Your remarks are very appropriate and pertinent. I hope my long response's size doesn't read even slightly as disagreement.

Ehud Lamm: I think this idea occurred to many, in various contexts.

Yes it's a common meme. I only meant to say I actively favor it lately — slightly contrarian when common sense is translation seldom works perfectly.

The results were not impressive (unless one counts intermediate languages and VMs). The reason would seem to be that translation of the sort discussed here is too vague a term.

I agree I was too vague tossing off "translation" as explanation in a word. I did expect intermediate languages and VMs as the context. I'd normally never expect translating from one language to another to work without hitch.

The case I expect to work — given a lot of elbow grease — is defining the way an app works as a kind of virtual machine itself. Then this app machine can be rendered in more than one programming language, provided you also have a description of expected behavior you can translate without loss to a target language.

When an app is specified only by code in one language, I don't think there's any general way to automatically translate to another language, because that presumes you can tell what the original code meant to do, and that's not feasible. But if you specify the original app as well as a specific translation to one language, you can expect to translate your work to another language as well.

In other words, I'd only expect translation to work when you set it up beforehand specifically for that. In the context of TileSpeak I think it's only easy to translate HyperTalk to another language because HyperCard's behavior is somewhat underspecified, and HyperTalk isn't complex, with few features. Writing a HyperCard stack simulator doesn't sound daunting if you can disregard the original UI completely and substitute something like web page behavior, cutting any corner you please.

(Also, it doesn't hurt that machines today have orders of magnitude more processing power and resources than when HyperCard stacks were created, so it's trivial now to absorb the costs of inefficient translation of an app that had to run in very constrained runtime circumstances.)

If translation requires more than just local transformation, the semantic mismatch may be too large to simply dismiss under the heading of Turing completeness.
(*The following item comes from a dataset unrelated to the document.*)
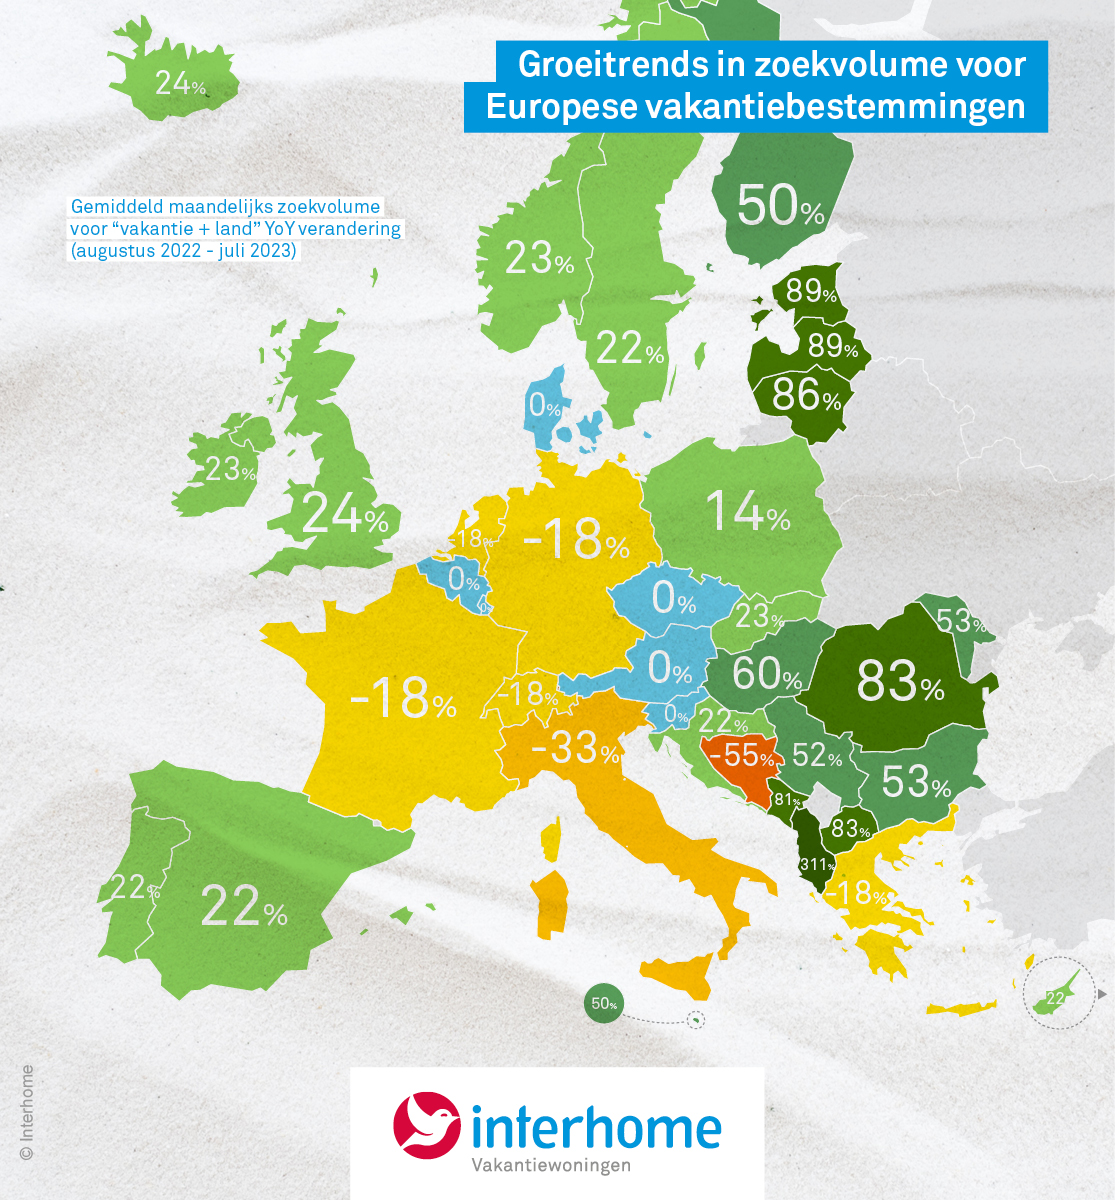 groeitrends in zoekwolume voor europese vakantiebestemmingen-nederlanders
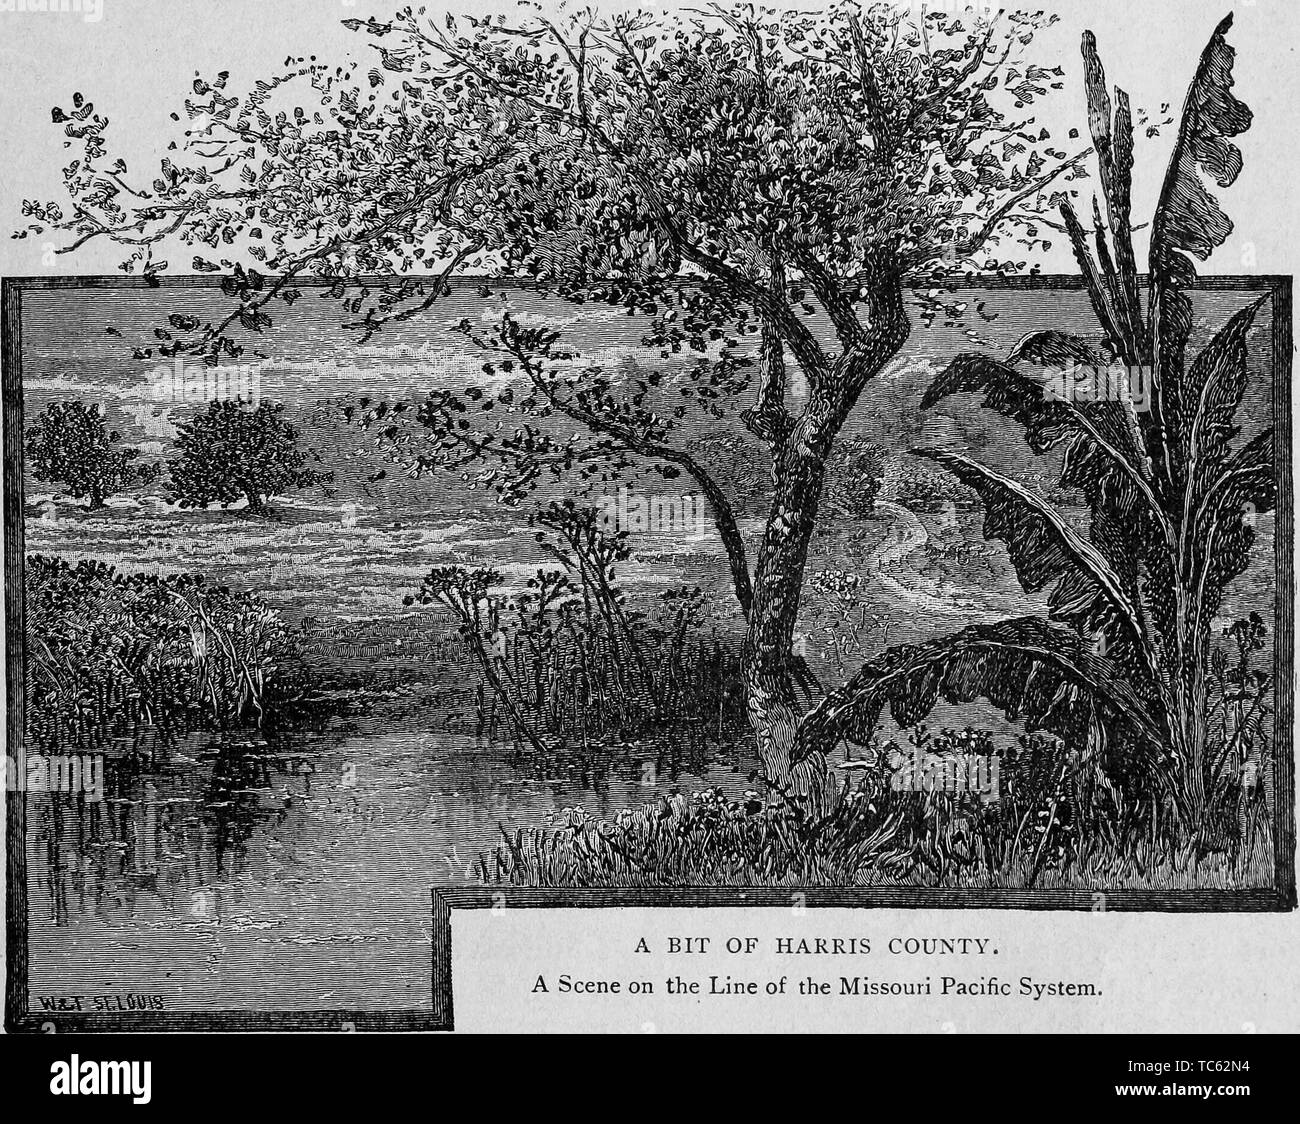 Graviert Szene des Missouri Pacific System, Harris County, Texas, aus dem Buch "Der Stadt Houston' von Andrew Morrison, 1890. Mit freundlicher Genehmigung Internet Archive. () Stockfoto

By Turing completeness (TCness) I meant you could expect to write a general simulator for an app machine. So if your app's machine-like behavior was specified in a way letting you translate it to one TC language, you could also translate it to another. But I'd expect the simulator to be different in each case, so the translations might not resemble each other.

I wouldn't expect support for any new TC language to be automatic either in translation or writing the base engine's simulator. You'd have to do each by hand, and have language implementer skills each time.

I think if you didn't support more than one target language from the beginning, you'd tend to drift toward feature usage tied to one language as a preferred one in execution. Translation should be baked in from the start.

intermediate language

Seems to me like the UI interaction provides one important layer of translation, mapping widgets from one domain to another could be automated, but the backend workings are another territory altogether.
It would be intersting to have a syntax reduction process, translating one language to a more structural translation language that could be then expanded back into other working languages. I like the idea that the developer might add hints that help this.
Is XSLT good for the last bit of expanding into platform languages?